Andrea Johnson participated in the 2018 Three Minute Thesis competition, with her presentation, "Cancer as Interruption: Adolescents’ posttreatment experiences." As a health clinician, Andrea is deeply committed to understanding patient experience and transforming patient care. Andrea’s research investigates the impact of surviving a life-threatening disease for adolescents diagnosed with cancer and their early cancer survivorship experiences. With adolescent patients, her findings will be translated into implications for oncology practice.

 

 
Faculty of Arts
Grant Charles
Armstrong
Canada
UBC Public Scholars Award
 

Research Description

Most adolescents survive a diagnosis of cancer. However, the success of current cancer treatments has created a posttreatment population of adolescents who appear to have unique medical and psychosocial needs. There is growing scholarship in the area of adolescent cancer survivorship as both their long-term medical outcomes and psychosocial experiences are becoming better understood. However, little is known about the experiences of specifically adolescents within early survivorship (0-18 months following treatment completion). What is known from the limited studies that do exist is that adolescents experience significant rates of psychological and posttraumatic distress early on following treatment completion. They are also at increased risk for suicidal behaviors. It is unknown why. My research will explore these early posttreatment experiences of adolescents who have completed treatment for cancer. With these findings, using an arts-based method, I will also work with adolescents to develop knowledge-translation strategies for clinical practice settings.

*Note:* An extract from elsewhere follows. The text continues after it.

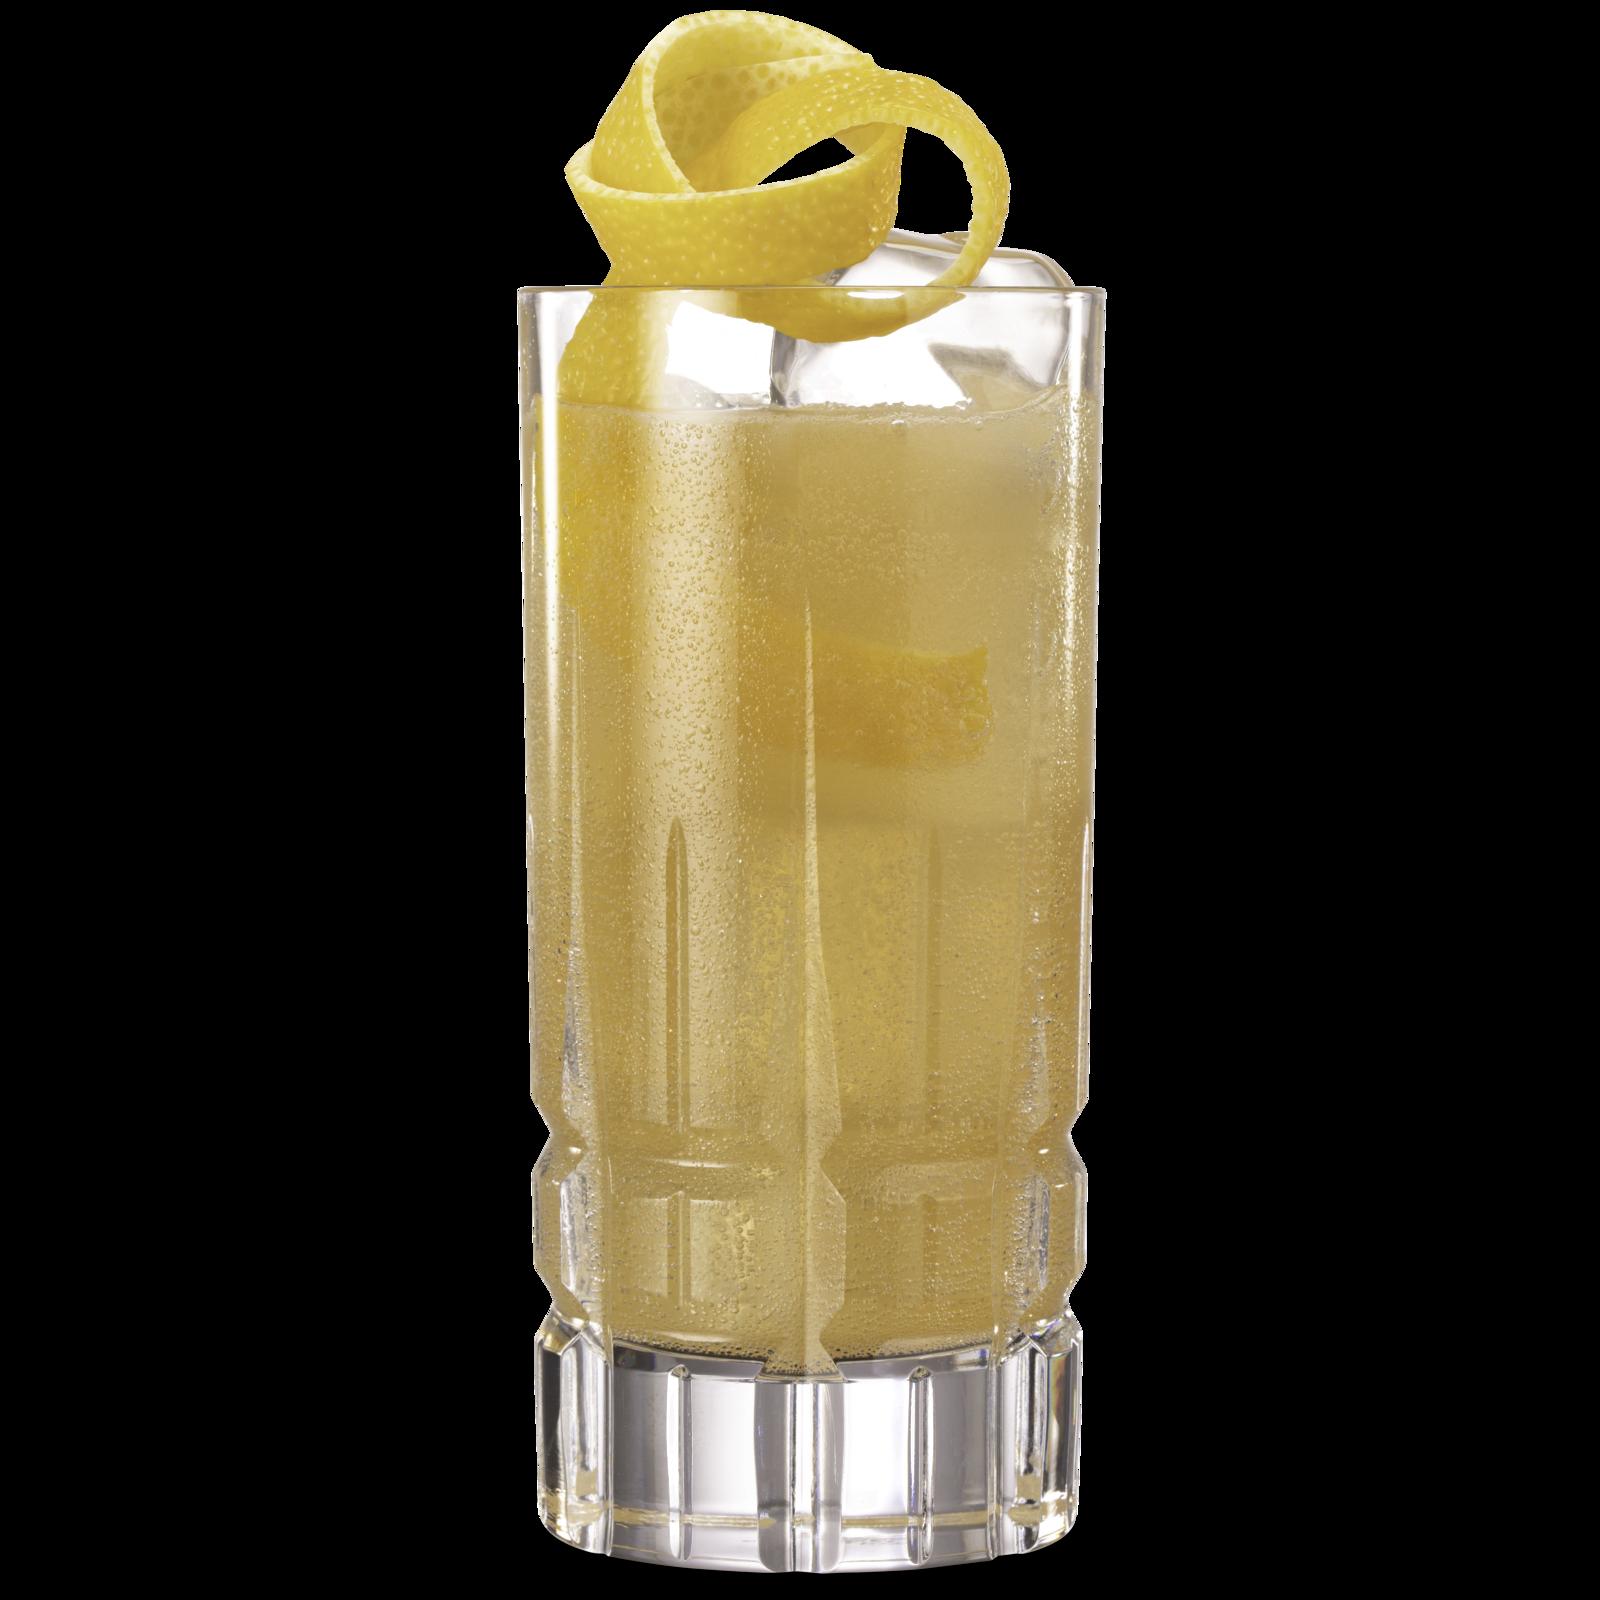 Spiced Pear & Elderflower Collins

What does being a Public Scholar mean to you?

I am so honoured to be a UBC public scholar. I entered my PhD program to better understand the experiences of a vulnerable group of patients and ultimately to contribute to enhancing their psychosocial wellbeing. Being a public scholar reminds me of this commitment and its necessary value. Moving research into the public realm and using what has been learned to impact social wellbeing and growth is why I pursued doctoral research.

In what ways do you think the PhD experience can be re-imagined with the Public Scholars Initiative?

What I love about the PSI program is the intentional value and commitment of linking researchers and their work to the public interest and realm. The PSI program helps shift the understanding of PhD research as having limited social impact. With the focus on moving academic research from academic to public spaces, the PSI supports the belief that PhD research conducted with the public, or larger society in mind, has meaning and potential for impact.

How do you envision connecting your PhD work with broader career possibilities?

I think the direct involvement of patients within research activities will continue to grow within health care research. I also believe that the experiences of adolescents will receive increasing attention by both researchers and the clinicians who care for them. I hope that my PhD work continues to support and reinforce adolescent voice in research activities and that I will have a role within this work.

How does your research engage with the larger community and social partners?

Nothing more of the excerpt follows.